New writers often come up with very amorphous initial conflicts, such as:

  • Neither of the characters wants to take the chance of trusting again.

  • He has to make her accept a truth she doesn't want to face.

  • They've each been deceived in the past and won't tolerate being lied to again.

While those concepts can be developed into interesting problems, they're hard to grasp, hard to illustrate, and hard to write about.

And they're actually long-term problems — character flaws or painful past experiences — rather than short-term ones. Lack of trust, unwillingness to commit, and bad past relationships often play a big part in the characters' eventual development and growth, but they're hard to get a grip on when they're set up as the initial problem.

If the characters' mutual problem is lack of trust, what do they talk about throughout the story? If they could actually discuss their difficulty in trusting, they'd be two-thirds of the way to solving the problem — but they can't trust each other enough to talk about it. Worse, without a certain amount of trust, there's not much else to talk about — and characters who have nothing to talk about are very hard to write about.

If, on the other hand, your two characters are at odds about who gets custody of the kid, or how to handle the business they've inherited, or what they're going to do about their marriage of convenience after it's not convenient to be married anymore, then they have lots of stuff that they must talk about — and they have many opportunities to test, explore, and discover that the other is a person who can be trusted after all.

Remember that a short-term problem is not a single event, so it can't be solved in a single step. “While rock climbing, Julie falls off a cliff” isn't a true short-term problem; she'll either be rescued or she'll die, and in either case the story is over.

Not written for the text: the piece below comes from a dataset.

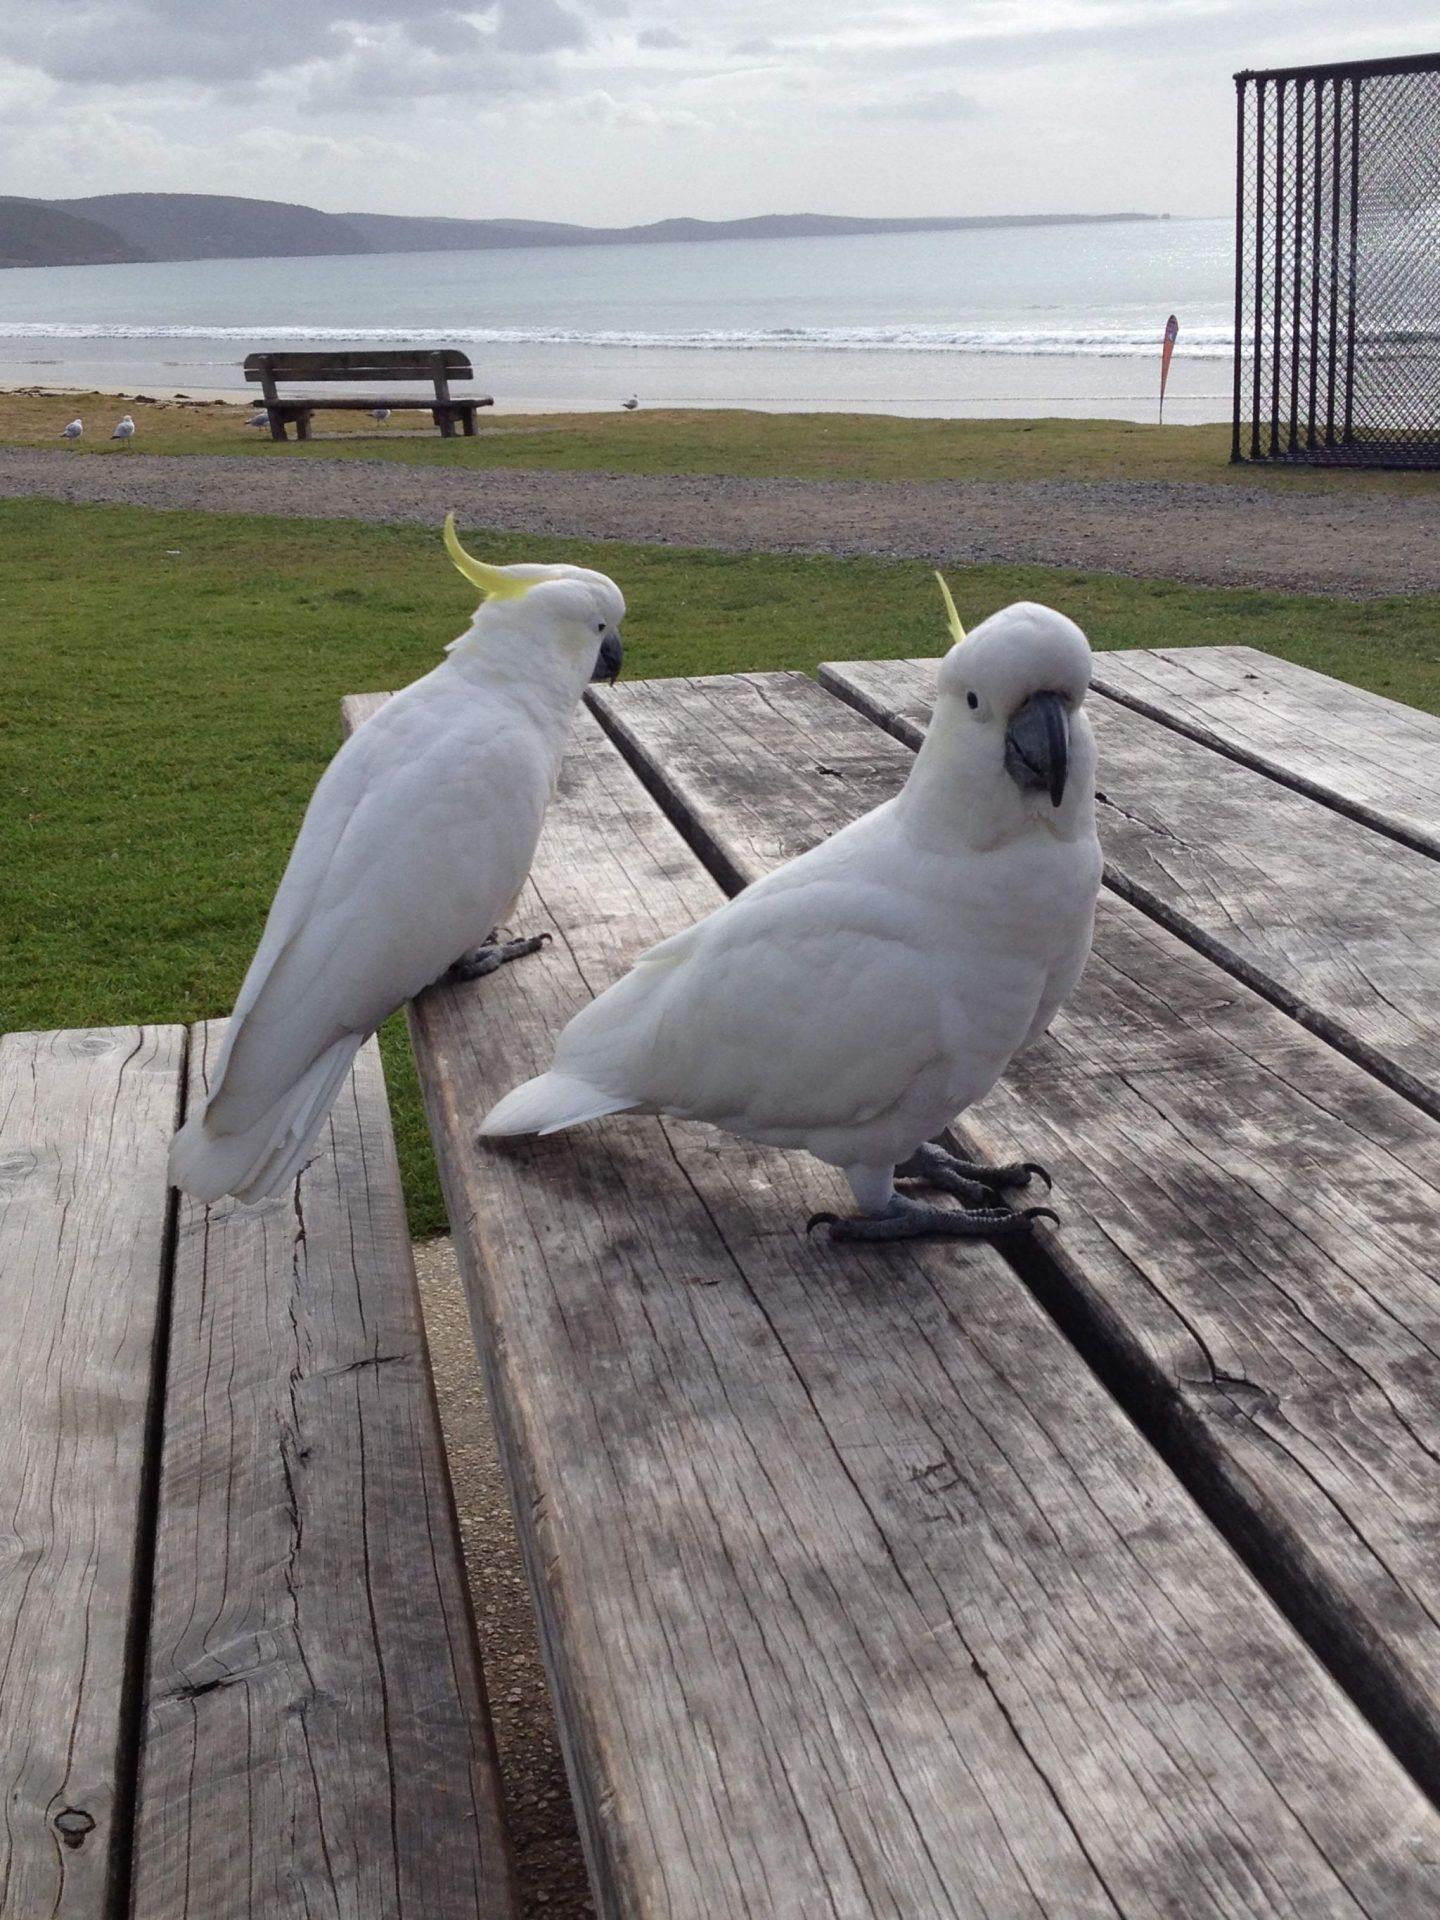 Cockatoos in Lorne, Victoria

The real short-term problem is what got her onto the cliff in the first place. Is she trying to protect the precious papers she's carrying from the bad guy who's pursuing her? Is she learning to climb because the man she thinks she loves insists he won't marry her unless she shares his hobby of rock climbing? In either of these cases (or a hundred others), when she's rescued she still faces the problem that got her onto the cliff, plus she has the complications of a broken leg and a black eye and the hero — who rescued her — hanging around.

Some additional examples of complex short-term problems include:

  • A hero who is offered a job in a different city, but a heroine who doesn't want to leave her challenging career to follow him.

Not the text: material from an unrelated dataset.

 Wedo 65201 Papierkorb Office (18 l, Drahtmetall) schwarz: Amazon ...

  • A heroine who wants to have a baby, but a hero who thinks he'd be a terrible dad.

  • A heroine and hero who must work together despite a painful past relationship.

The key to all of these problems is that they create conflict and tension between the two characters, and they all offer potential for increasing complexity and involvement.

If your short-term problem isn't the sort that grows more complicated, you may be tempted to toss in unrelated obstacles in an attempt to create extra trouble for the characters. Your heroine might fall out of a tree, get hit by a car, and encounter a rattlesnake all in the first three chapters. But adding obstacles is not the same as developing a conflict, because one obstacle doesn't lead into or cause the next; they're just random happenings. Unless each event contributes to the advancement of the story and relates to all the other events in a meaningful sequence, the story is contrived.